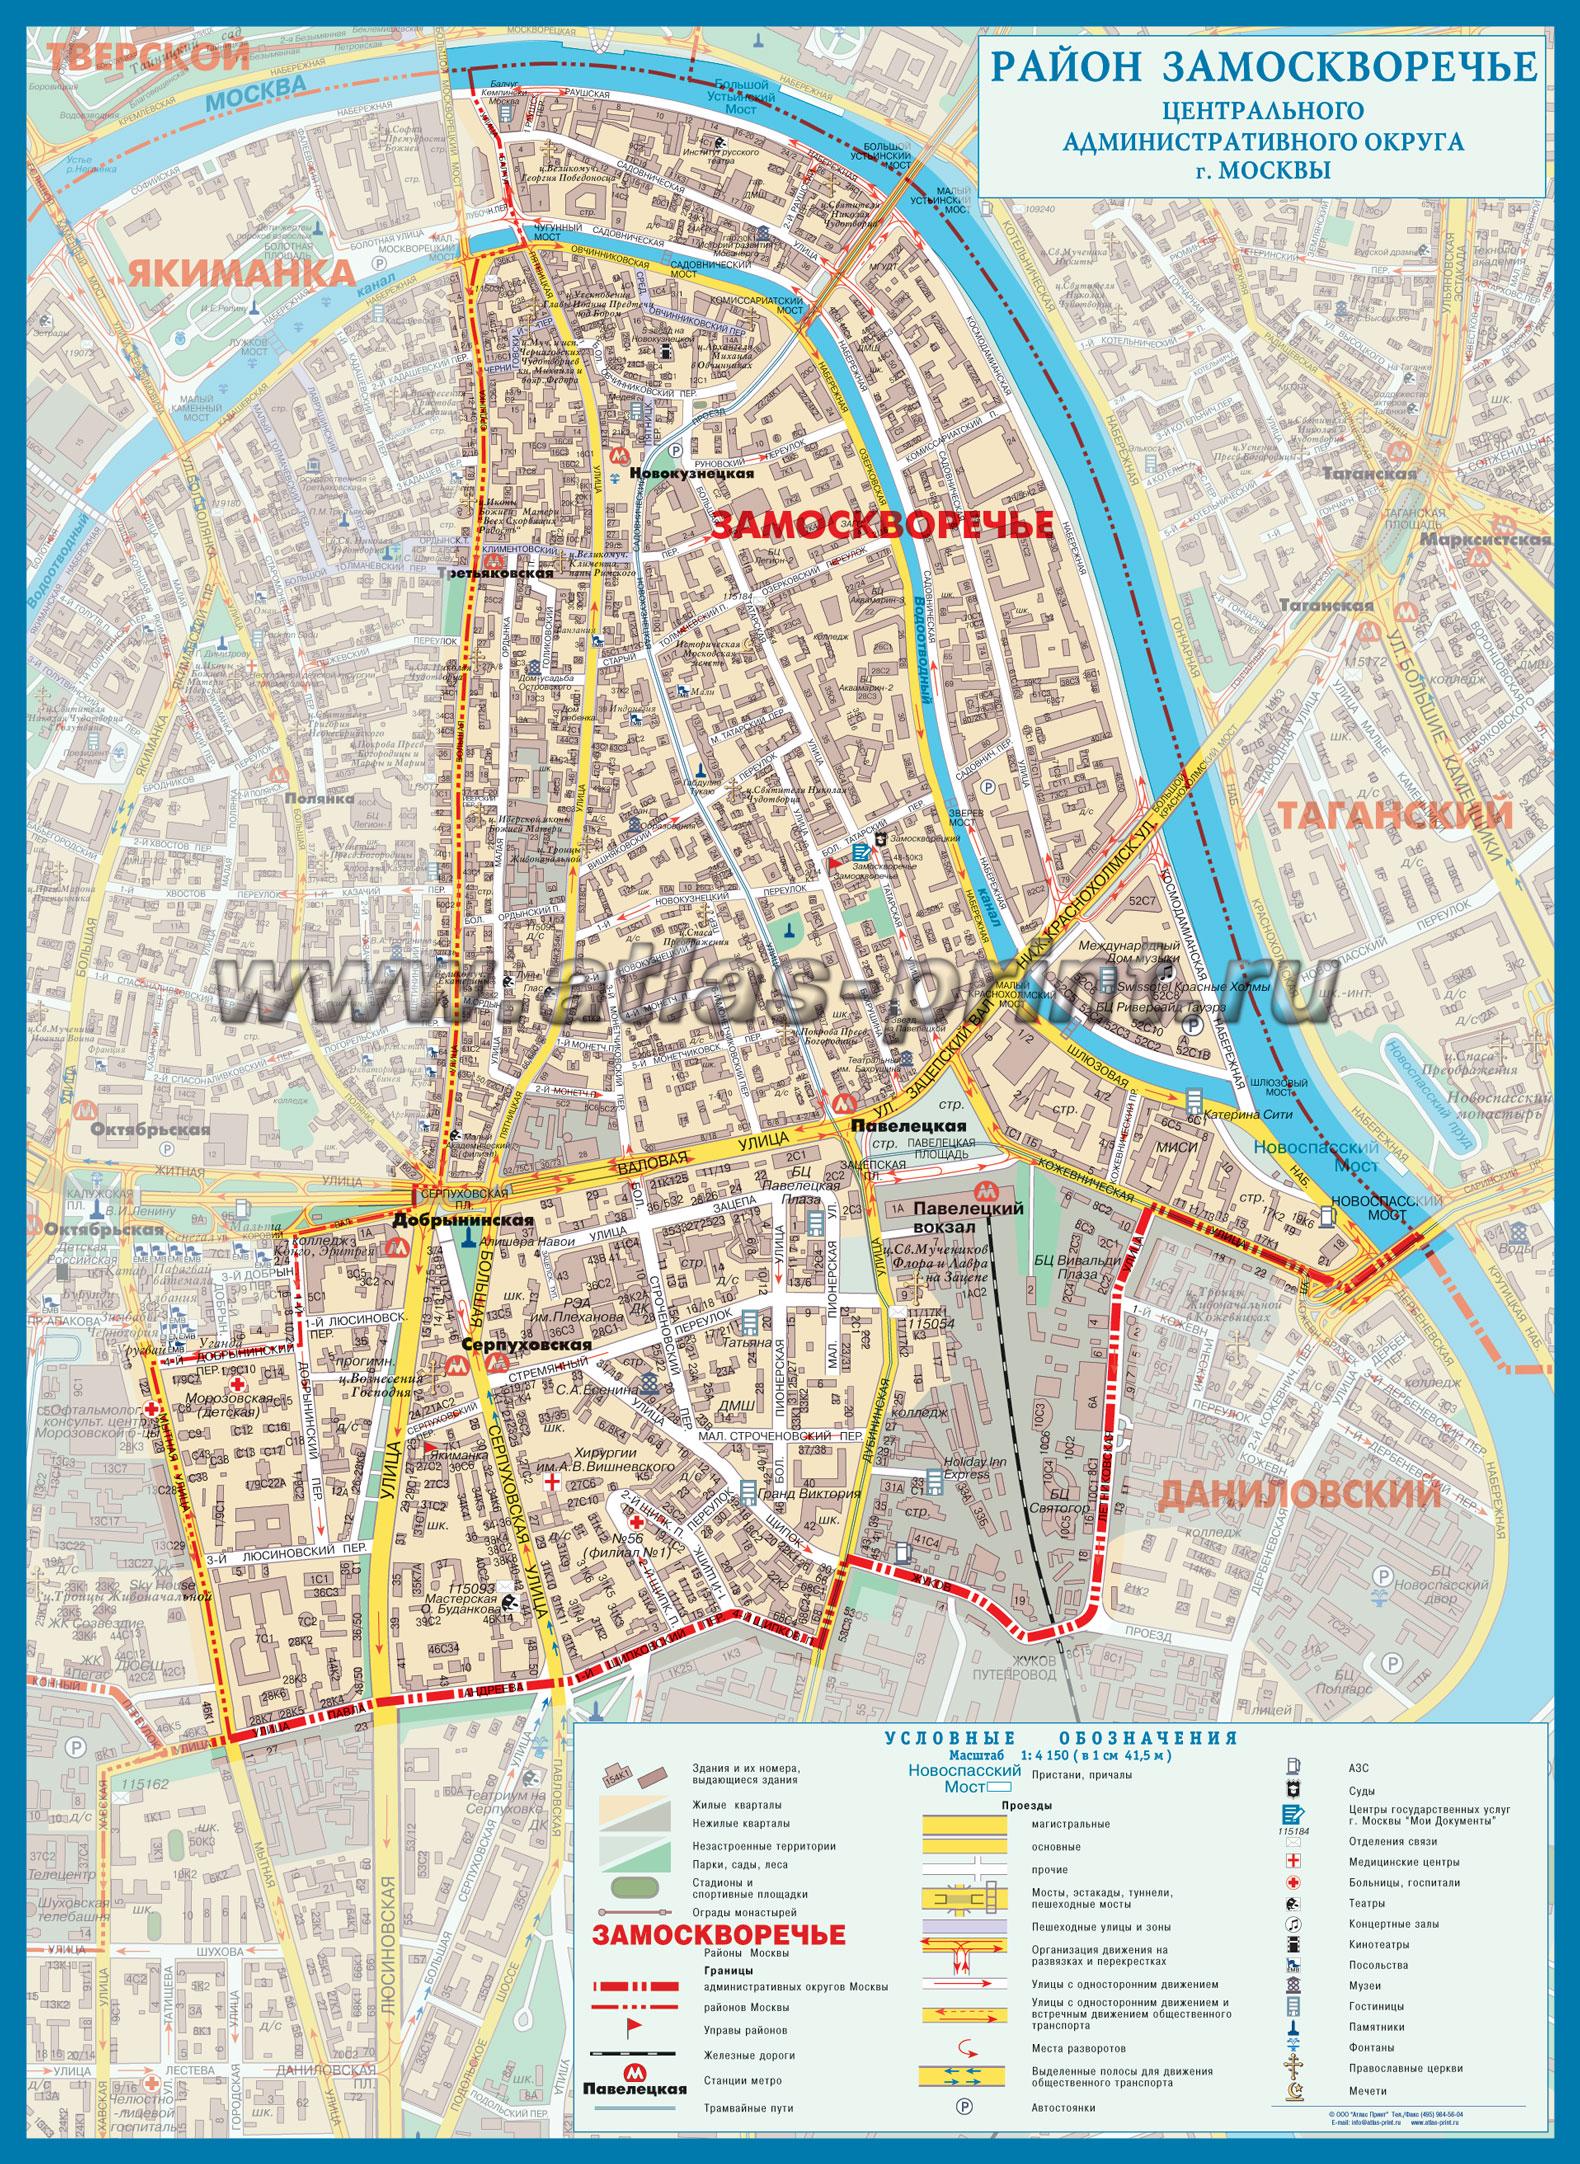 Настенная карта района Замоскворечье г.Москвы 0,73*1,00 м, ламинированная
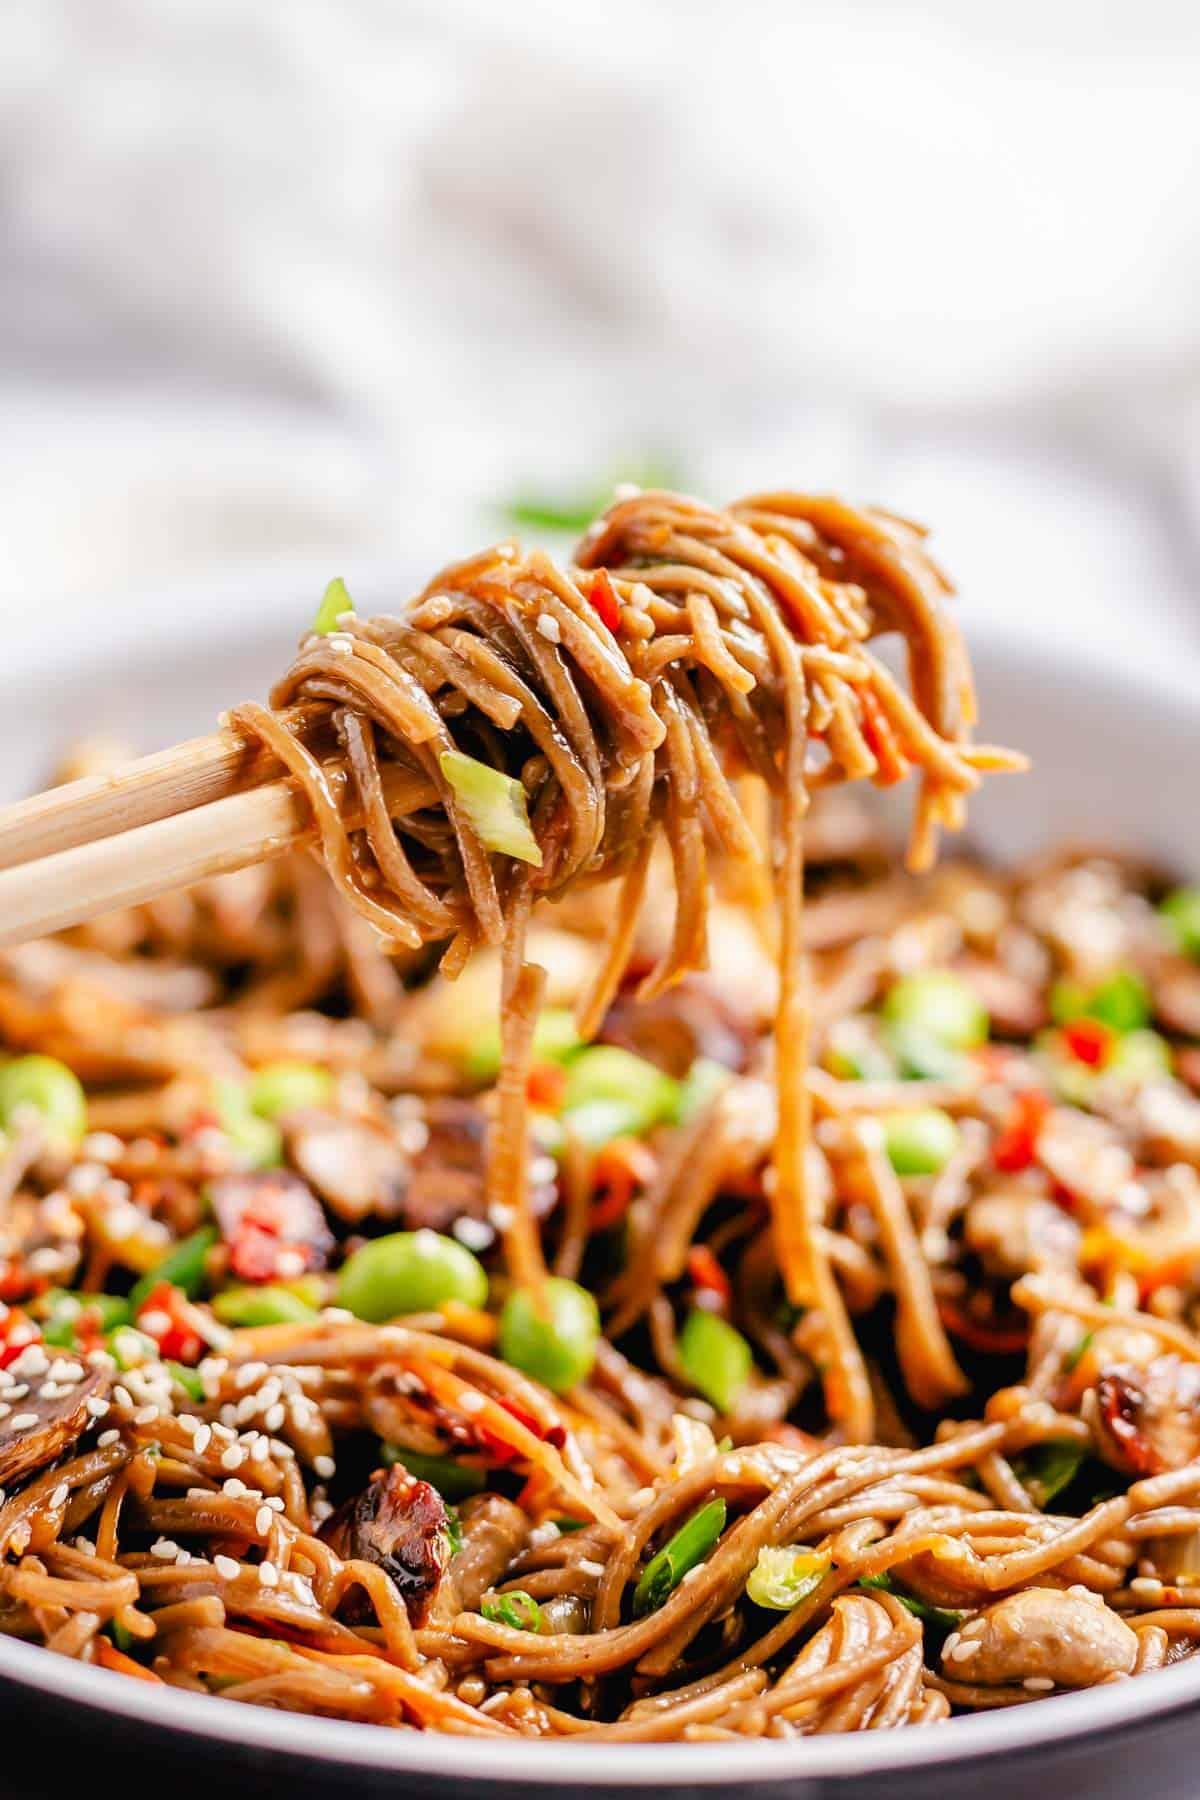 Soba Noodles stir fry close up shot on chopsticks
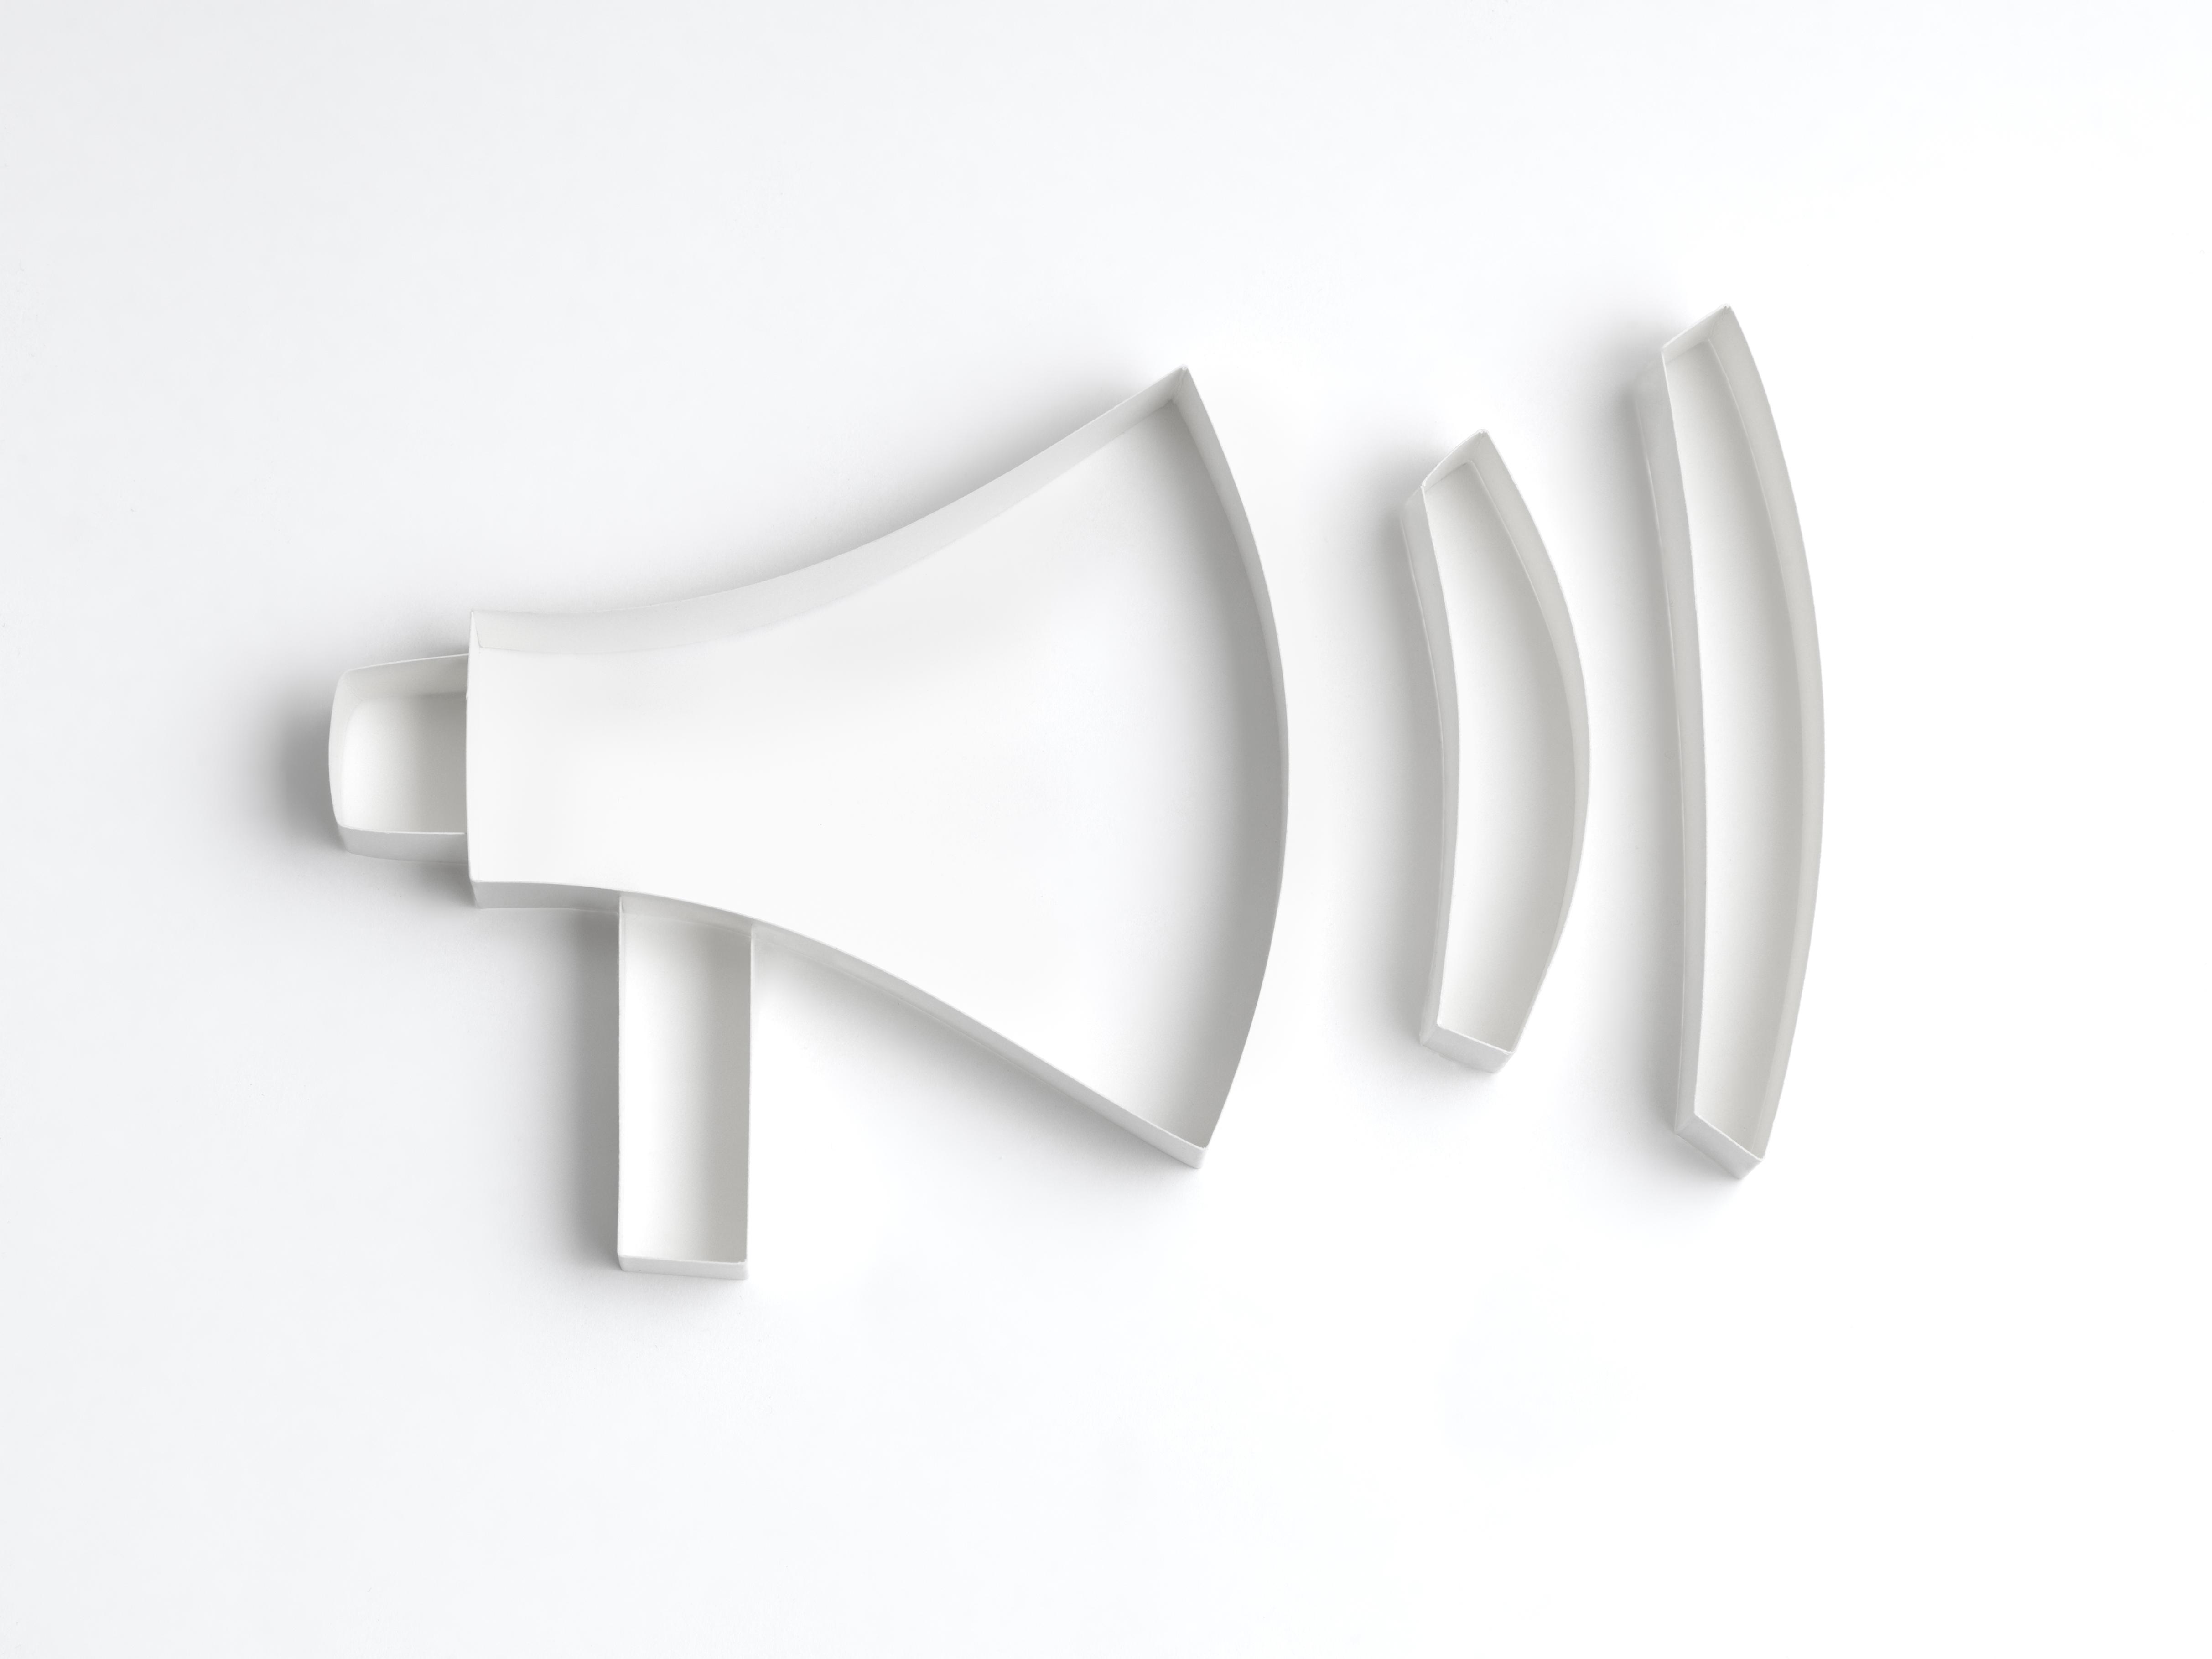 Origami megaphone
+--
Leave out the pictures and give the rest of the material again, unaltered.

 Настенная карта района Замоскворечье г.Москвы 0,73*1,00 м, ламинированная
 Soba Noodles stir fry close up shot on chopsticks
 Origami megaphone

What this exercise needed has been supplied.